Kirsti M G Paulsen, Norman E Davey, Sobia Idrees, Åsa Pérez-Bercoff & Richard J Edwards.
This work was presented at the Sydney Bioinformatics Research Symposium 2018. (Abstract below.) Click on thumbnail for full resolution PDF.
Short linear motifs (SLiMs) are short stretches of proteins that are directly involved in protein-protein interactions (PPI). Identifying SLiMs is important for understanding fundamental processes involved in normal cellular function. SLiMs are commonly only 3 - 10 amino acids in length and form low affinity interactions. This makes them ideal for fast cellular processes, such as cell signalling or response to stimuli, but also difficult to predict experimentally. As a result, many computational SLiM prediction methods have been developed. In order to increase the signal to noise ratio of SLiM predictions, different sequence masking techniques have been developed. These attempt to screen out areas that are unlikely to contain SLiMs and thereby preferentially eliminate the random nonfunctional sequences. One widely implemented masking strategy is to remove protein regions that form stable three-dimensional structures; SLiMs are typically found in regions of intrinsic disorder that are natively unstructured in their unbound form. To date, there has been no systematic study of how best to predict intrinsic disordered protein regions for SLiM discovery. Poor quality predictions will not have the desired noise-removal, while over-stringent masking will remove too many true positives.
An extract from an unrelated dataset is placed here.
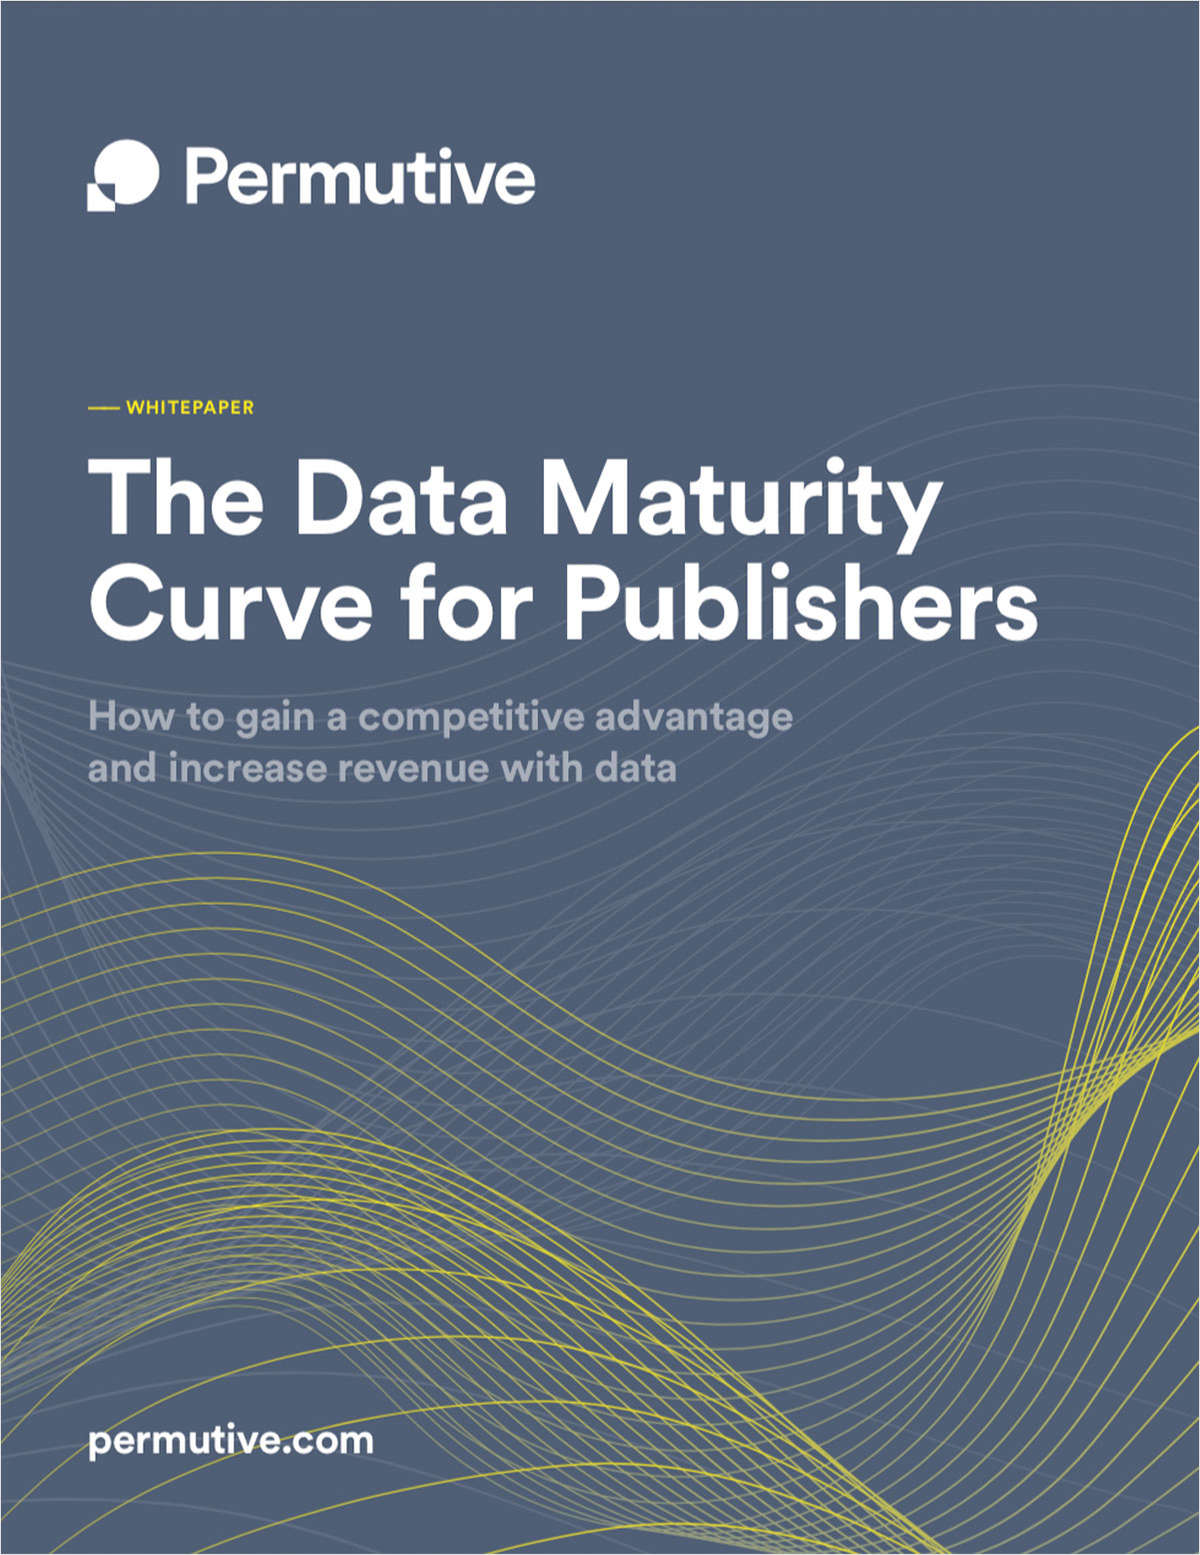 The Data Maturity Curve for Publishers

The aim of this study is to compare how ten different disorder prediction methods affect SLiM occurrence prediction and to identify the best method and settings for this purpose. The disorder prediction scores for each residue in the human proteome was obtained from the MobiDB database. Further, this study aims to investigate whether the optimal disorder masking settings for occurrence SLiM prediction are the same for de novo SLiM prediction and for identification of SLiM mediated PPIs.